‘Invisible Patterns’ : what goes around comes around

Invisible Patterns book

A child who can think for himself will use his own moral compass to tell good from bad.

We, as parents, need to encourage independent thinking rather than monitor our children.

The aim of this story is to get a child to listen to his inner voice and use his own judgement in making choices.






2 thoughts on “‘Invisible Patterns’ : what goes around comes around

  1. “Invisible Patterns” by Dr. Shyamala Vatsa is a charming little book which through its easy-flowing story imparts priceless wisdom to its readers. Its unique plot and endearing characters are easy to identify with and perhaps the very reason why its message is so powerful.

    My husband and I would like to add our opinion from the point of view of parents, together raising our boisterous 9-year-old son. We observed that children are born with a certain degree of inherent wisdom and tremendous intelligence. Once they start expressing themselves through speech and purposeful actions we are often left speechless by their observations, reactions and attitudes. We have learnt so much about the more important things in life through and from our son.
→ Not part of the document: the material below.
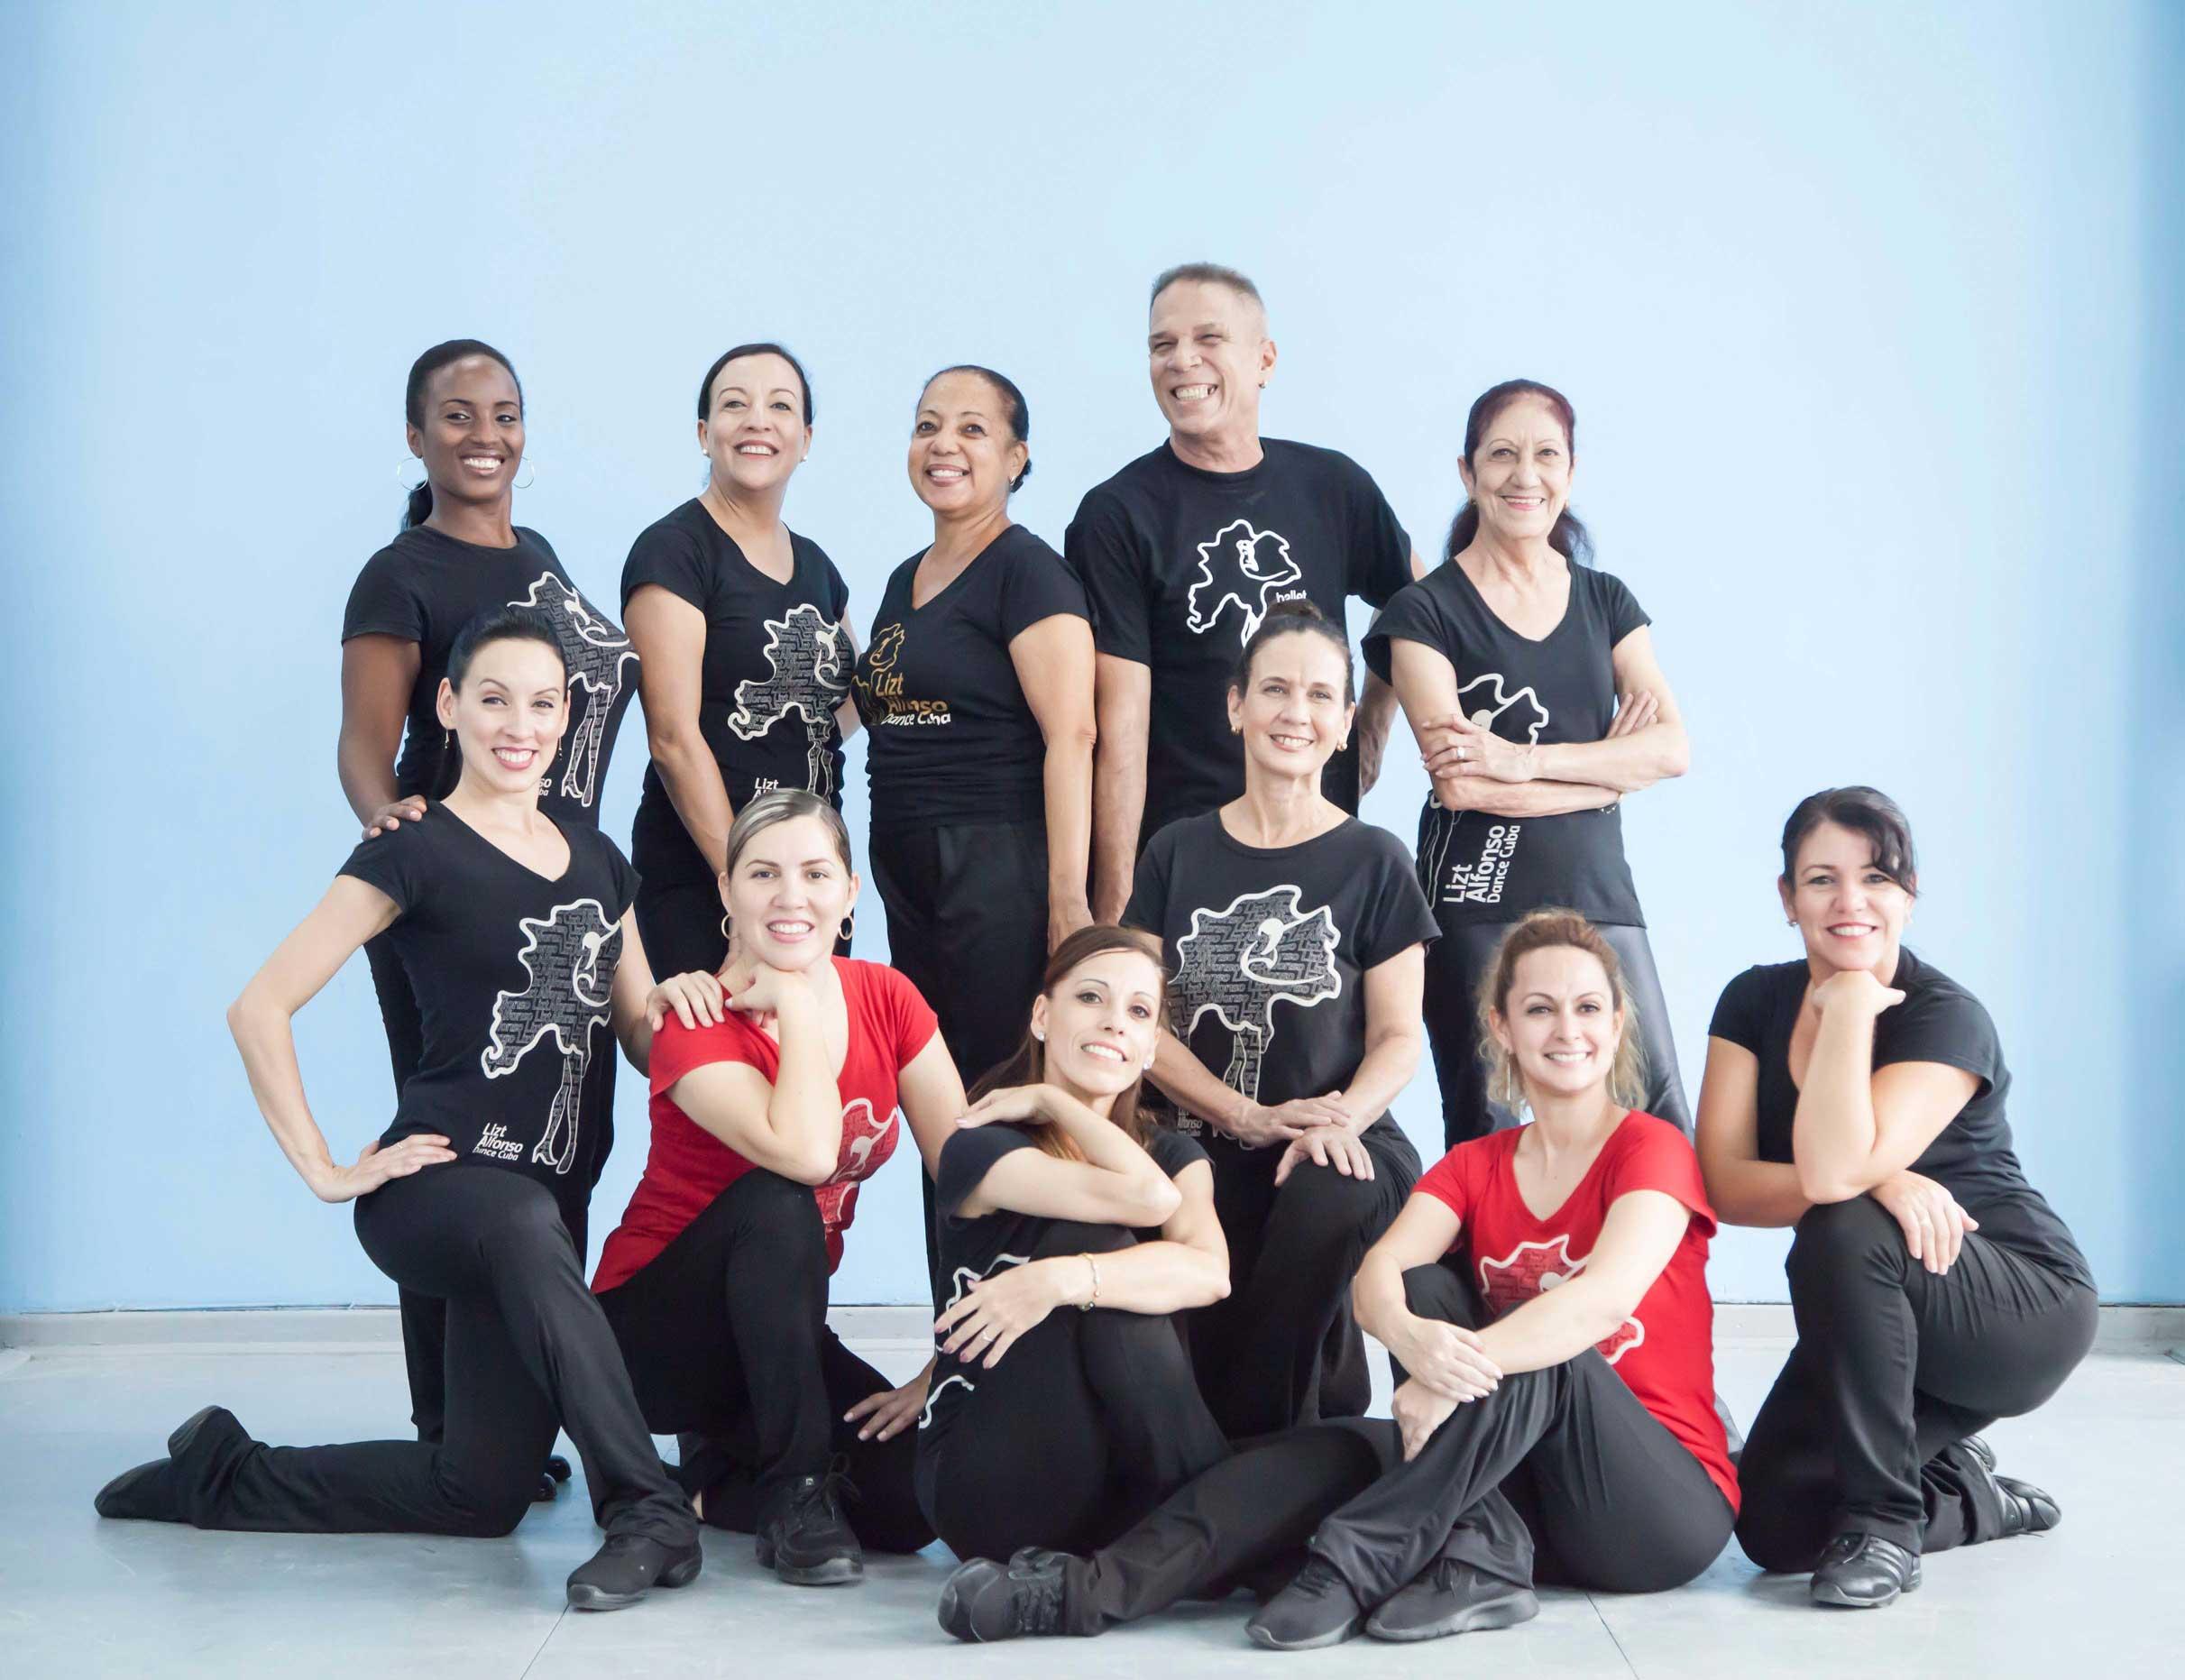 Parte del staff de maestros y ensayadores de la Compañía. Foto: Lizt Alfonso Dance Cuba.

    We are all well-meaning parents and always want what is best for our little ones but the means we employ are often counter-productive. We turn them into little robots brain-washed with rules and regulations about how to live their lives when all we really need to do is let them be, to ask their questions, to get their answers, and just gently guide them when necessary, so that they may be truly equipped to live their own lives to its greatest potential.

    Life is really quite simple and it has helped us as parents to look at it through our child’s eyes. It has certainly helped when we need to find answers to our son’s innumerable questions!

    “Invisible Patterns” is a precious read for all members of the family because in a simple ‘non-preachy’ way it has communicated this idea.